It’s been said that Trump is a poor person’s idea of a rich person. Adelson could be thought of as Trump’s idea of a rich person. A family friend recalls Sheldon and Miriam’s two sons, who are now in college, getting picked up from school in stretch Hummer limousines and his home being so large it was stocked with Segway transporters to get around. A Las Vegas TV station found a few years ago that, amid a drought, Adelson’s palatial home a short drive from the Vegas Strip had used nearly 8 million gallons of water in a year, enough for 55 average homes. Adelson will rattle off his precise wealth based on the fluctuation of Las Vegas Sands’ share price, said his friend the New York investor Michael Steinhardt. “He’s very sensitive to his net worth,” Steinhardt said.
Trump entered the casino business several years before Adelson. In the early 1990s, both eyed Eilat in southern Israel as a potential casino site. Neither built there. Adelson “didn’t have a whole lot of respect for Trump when Trump was operating casinos. He was dismissive of Trump,” recalled one former Las Vegas Sands official. In an interview in the late ’90s, Adelson lumped Trump with Wynn: “Both of these gentlemen have very big egos,” Adelson said. “Well, the world doesn't really care about their egos.”
Today, in his rare public appearances, Adelson has a grandfatherly affect. He likes to refer to himself as “Self” (“I said to myself, ‘Self …’”). He makes Borscht Belt jokes about his short stature: “A friend of mine says, ‘You’re the tallest guy in the world.’ I said, ‘How do you figure that?’ He says, ‘When you stand on your wallet.’”
By the early 2000s, Adelson’s Las Vegas Sands had surpassed Trump’s casino operations. While Trump was getting bogged down in Atlantic City, Adelson’s properties thrived. When Macau opened up a local gambling monopoly, Adelson bested a crowded field that included Trump to win a license. Today, Macau accounts for more than half of Las Vegas Sands’ roughly $13 billion in annual revenue.
Trump’s casinos went bankrupt, and now he is out of the industry entirely. By the mid-2000s, Trump was playing the role of business tycoon on his reality show, “The Apprentice.” Meanwhile, Adelson aggressively expanded his empire in Macau and later in Singapore. His company’s Moshe Safdie-designed Marina Bay Sands property there, with its rooftop infinity pool, featured prominently in the recent hit movie “Crazy Rich Asians.”

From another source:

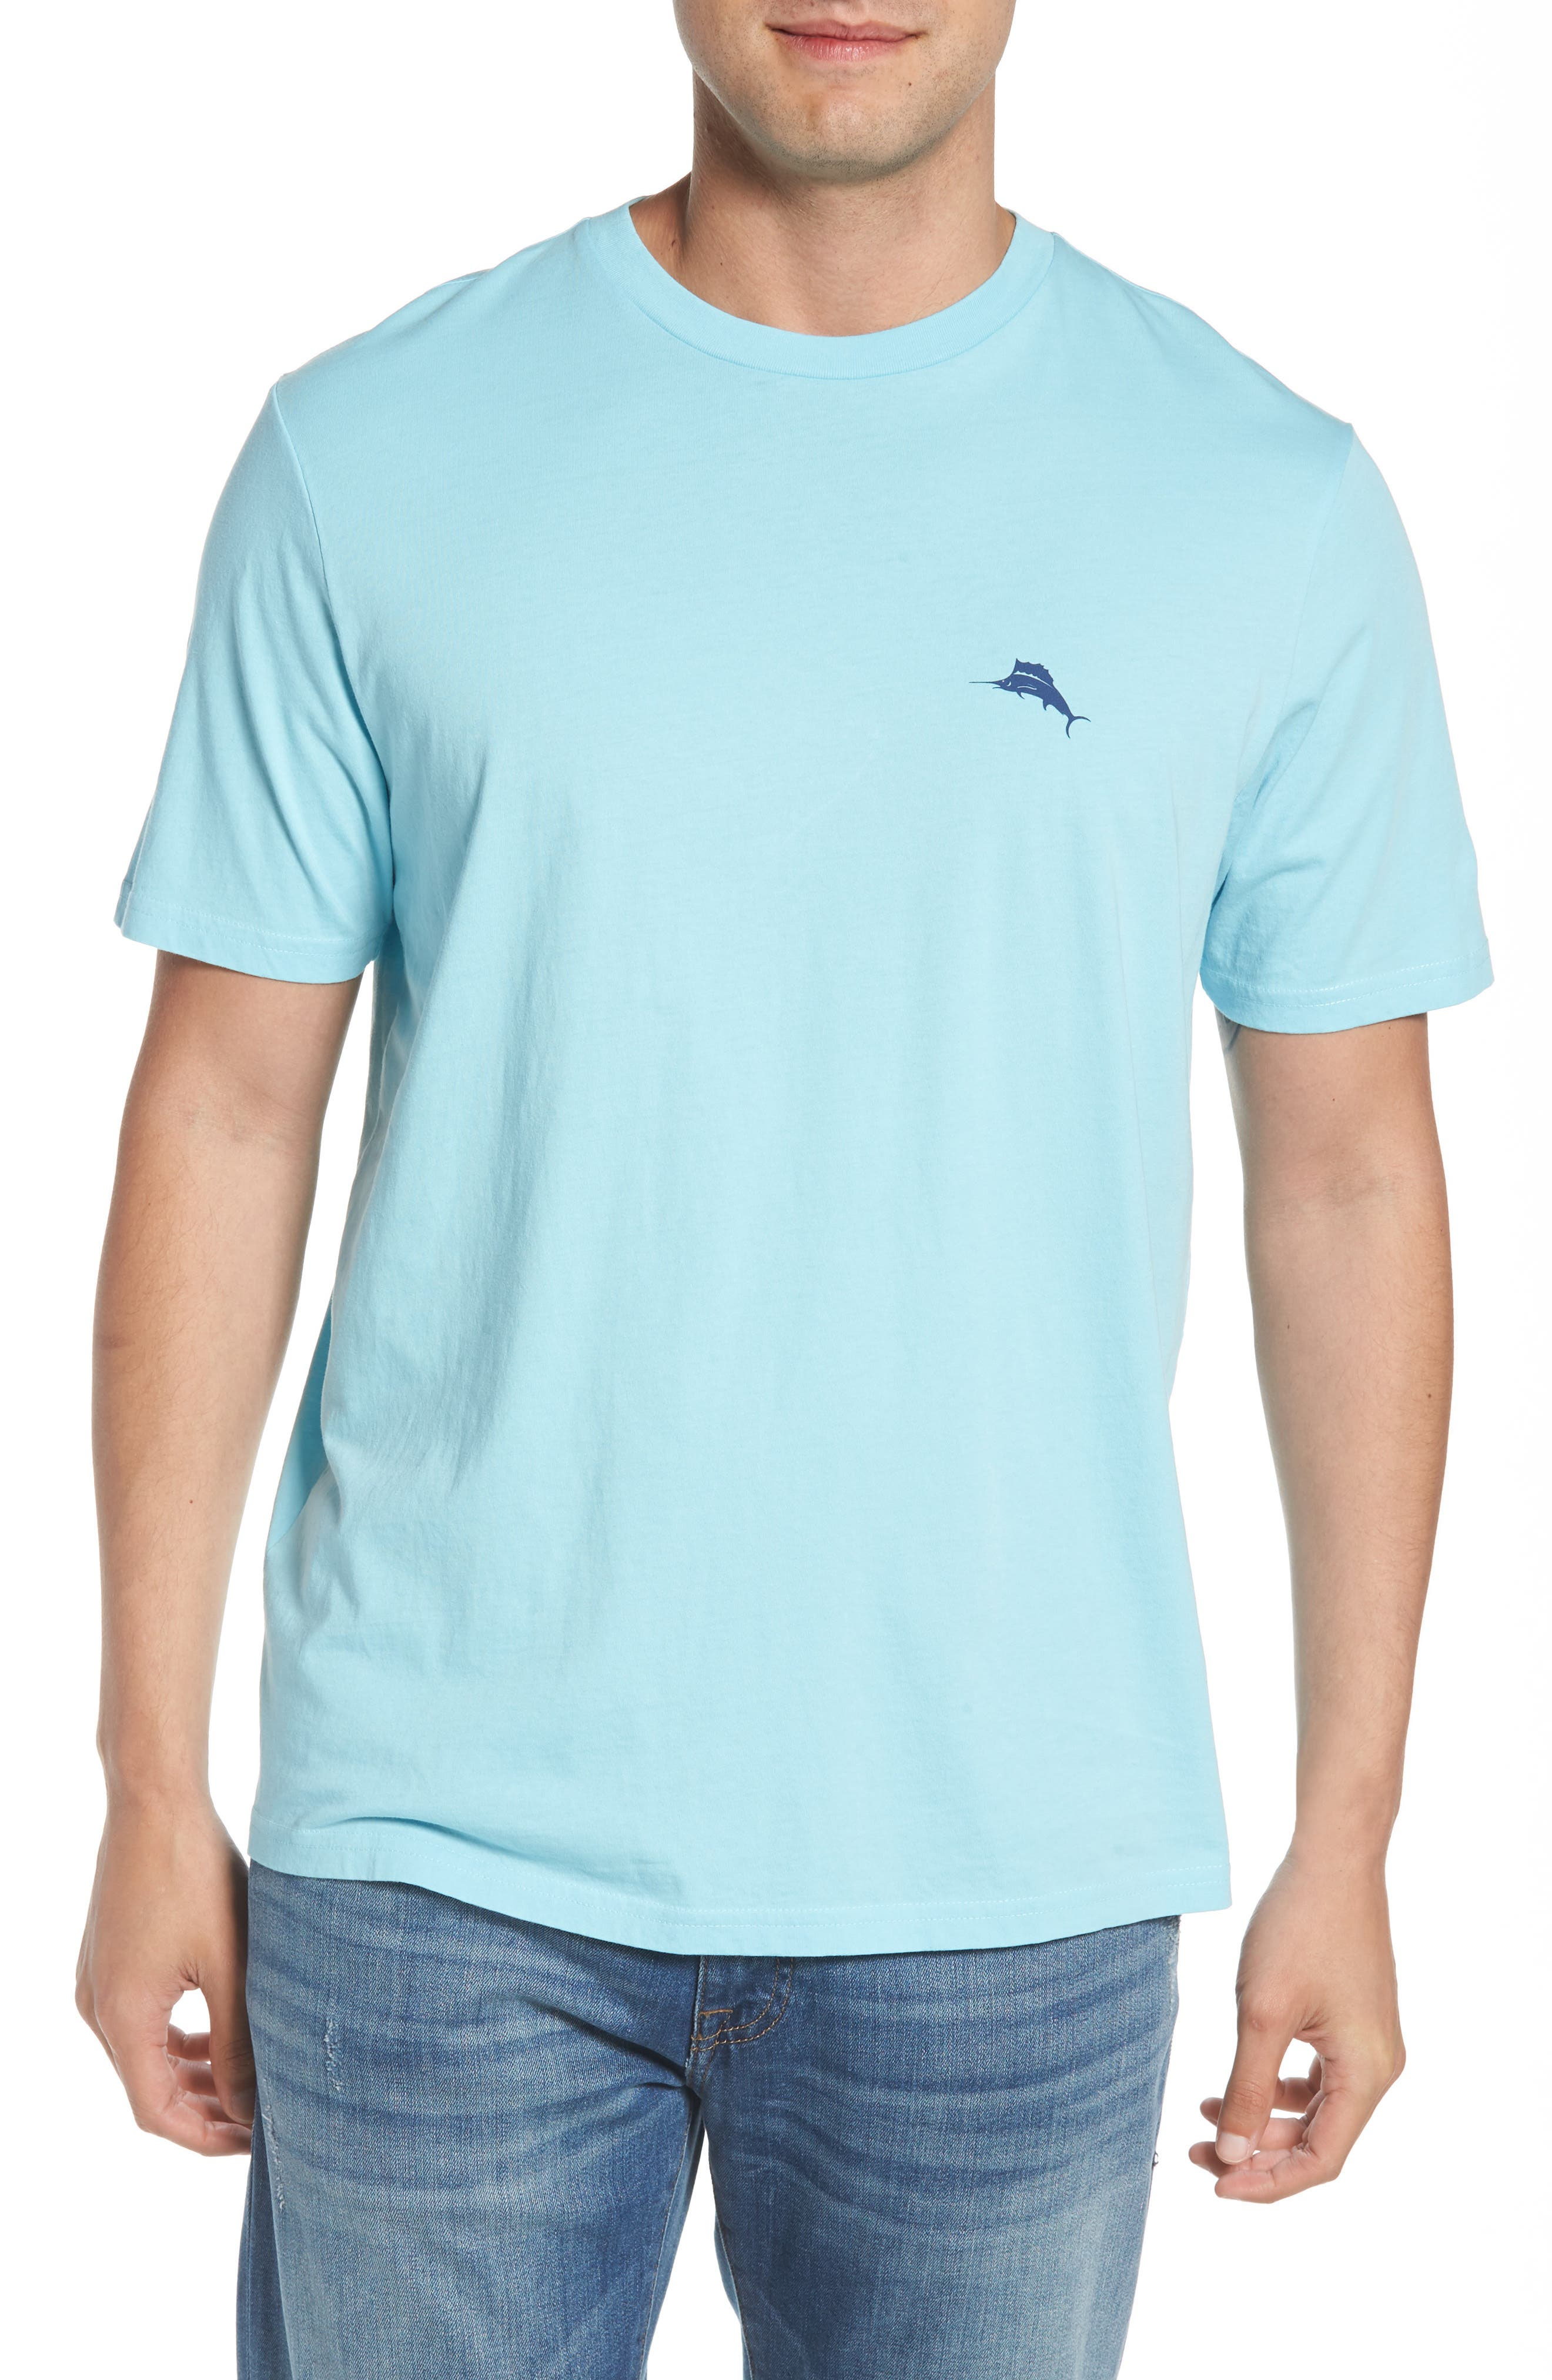 Tommy Bahama Followers on Line T-Shirt

While their business trajectories diverged, Adelson and Trump have long shared a willingness to sue critics, enemies and business associates. Multiple people said they were too afraid of lawsuits to speak on the record for this story. In 1989, after the Nevada Gaming Control Board conducted a background investigation of Adelson, it found he had already been personally involved in around 100 civil lawsuits, according to the book “License to Steal,” a history of the agency. That included matters as small as a $600 contractual dispute with a Boston hospital.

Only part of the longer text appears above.